The lack of technological focus from other providers has caused them to create solutions that are inadequate as they fail to meet a number of important needs for functioning V2V/V2I. Current technologies focused on 5.9GHZ DRSC have unwisely exhausted time and resources on also providing connectivity to cellular providers and considering infotainment features of a vehicle that would have been better utilized focusing on the important aspects of V2V/V2I. C-V2X suffers from a lack of available bandwidth given that every other provider in the space has inefficient messaging protocols with data packets that are far too large, exacerbating the issue of bandwidth.

The Spider V2X solution solves all of these problems. Its solution is further far more complete and robust, allowing for communication between vehicles, infrastructure, the roadway itself, and even road construction.

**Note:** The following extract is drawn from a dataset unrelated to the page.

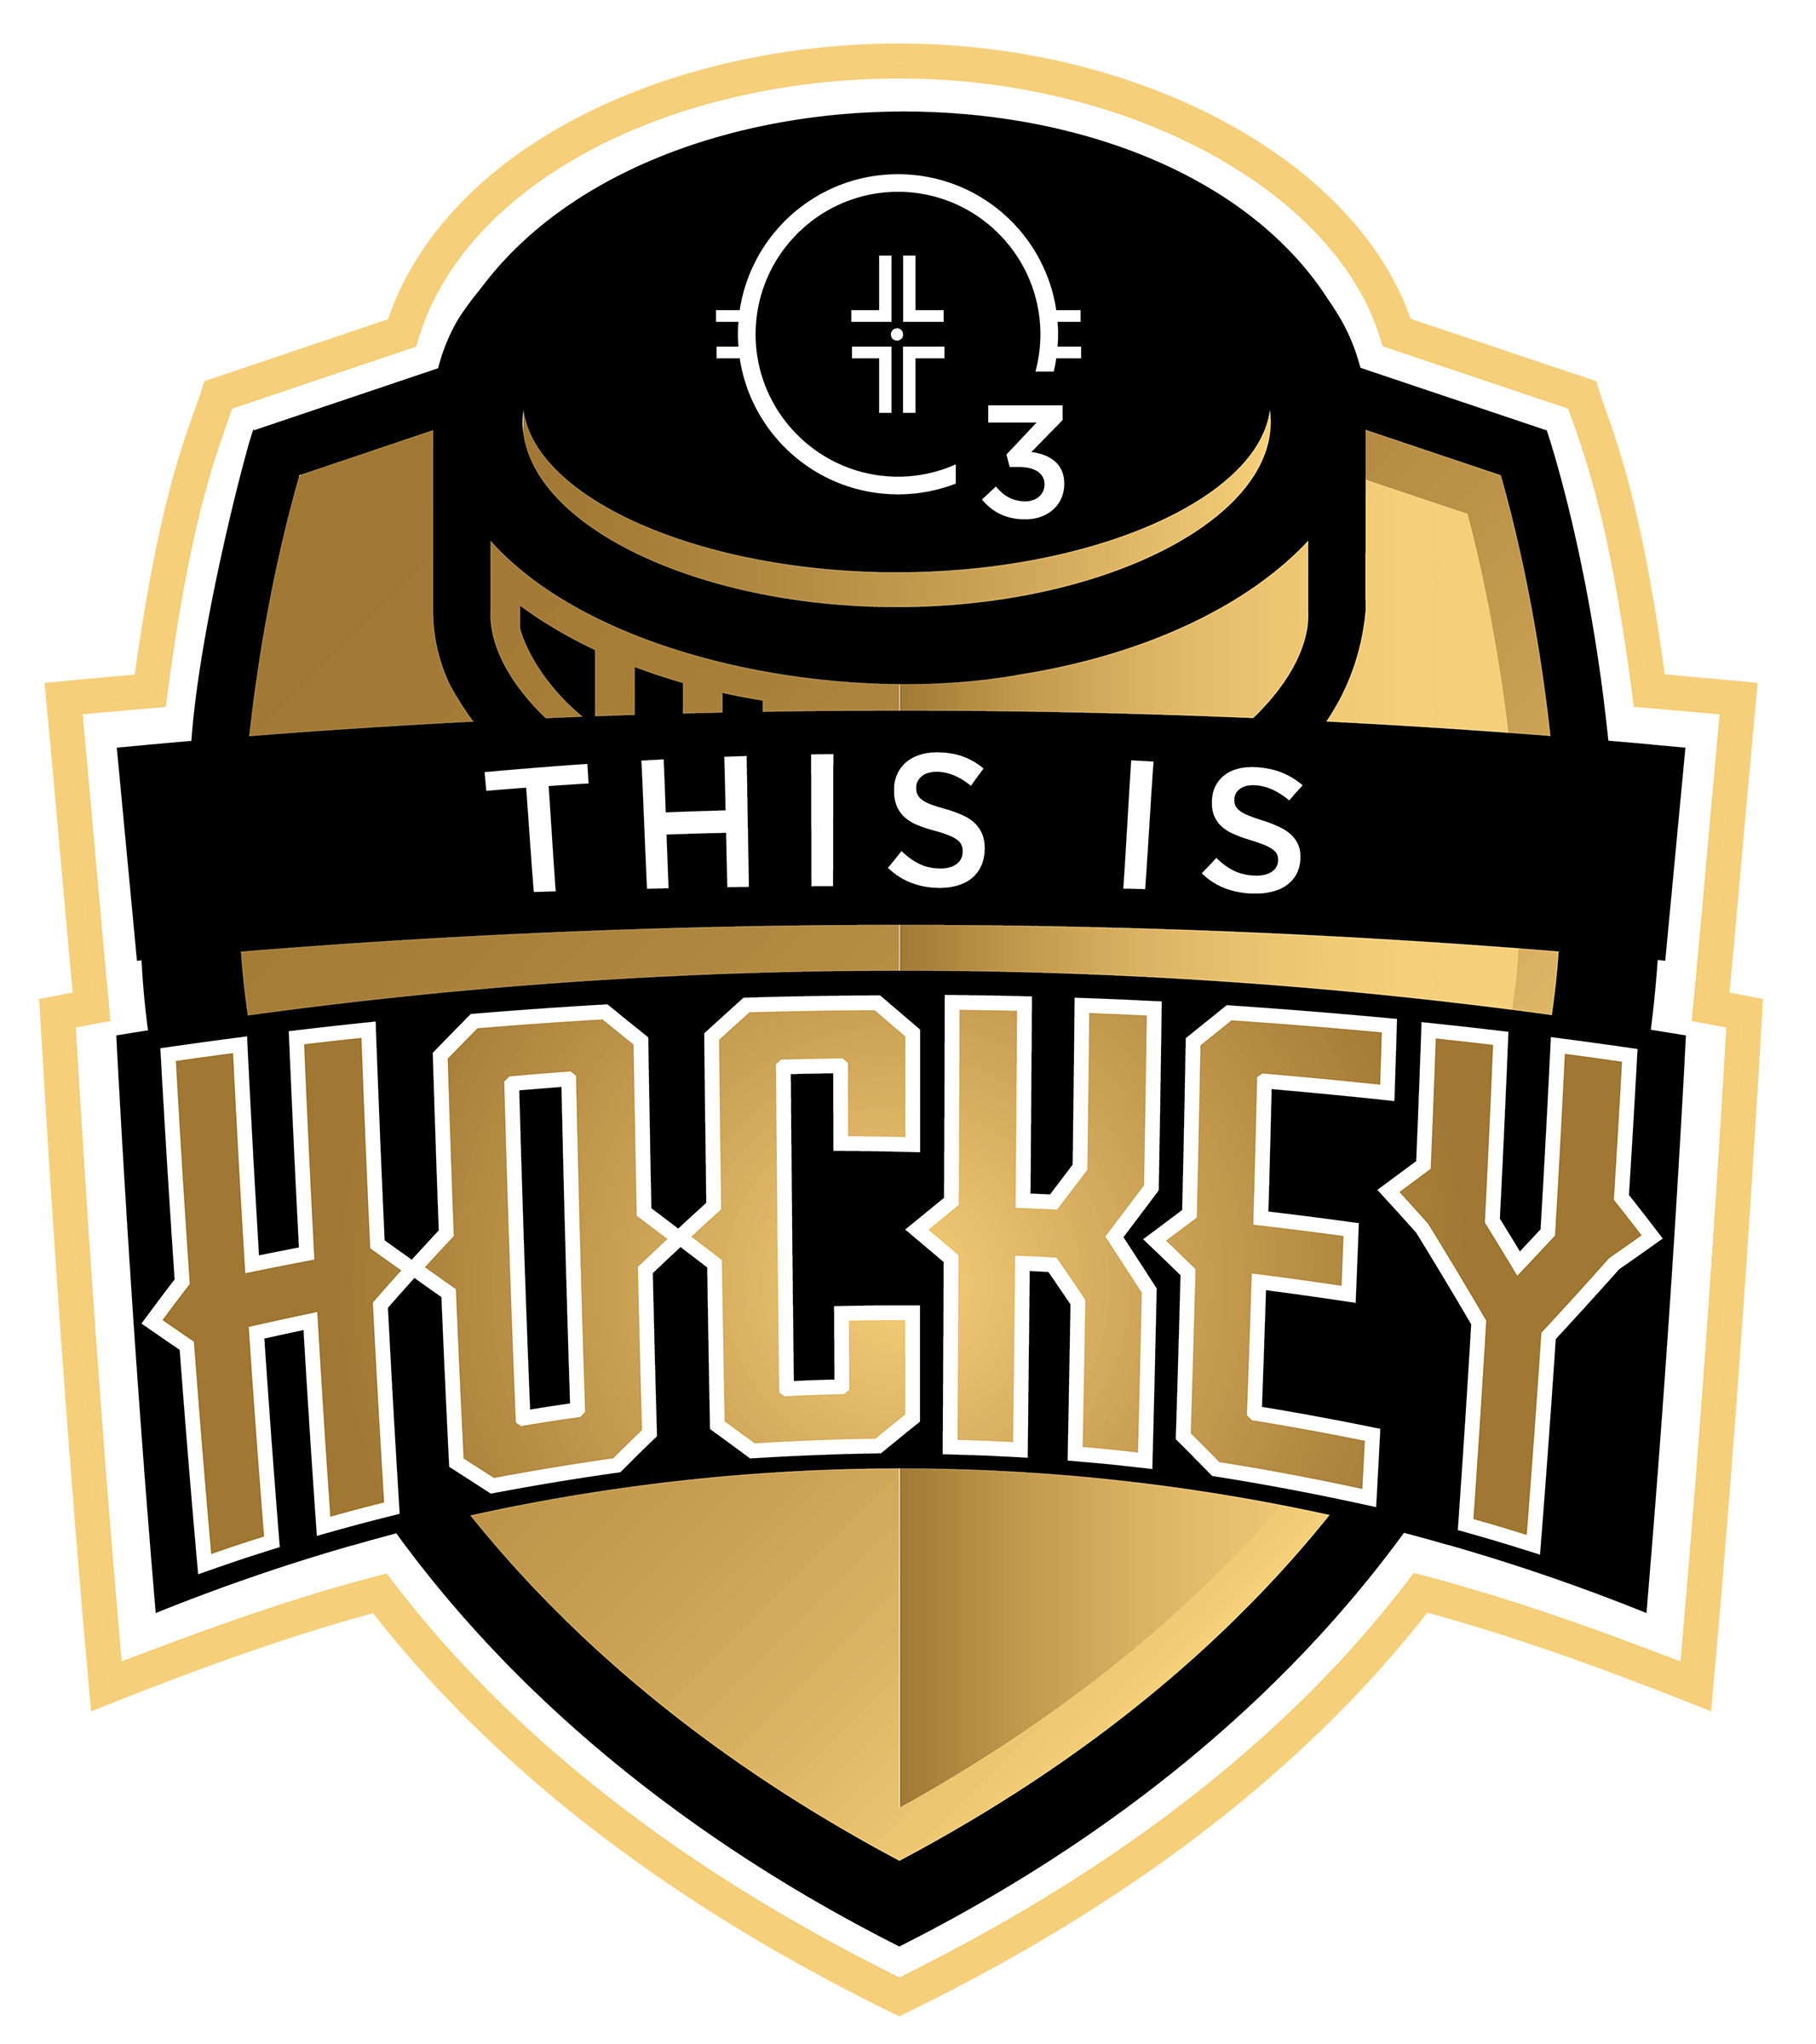 Ozone This is Hockey

The data packet for communication is compact, allowing for a greater level of communication between each entity and a messaging protocol that makes for communication between all relevant objects (including temporary infrastructure such as road construction) extremely rapid. Additionally the Spider V2X solution, by being narrowly focused on V2X and V2I, provides far more capability than all other solutions. In fact, the Spider V2X solution is ready for acquisition.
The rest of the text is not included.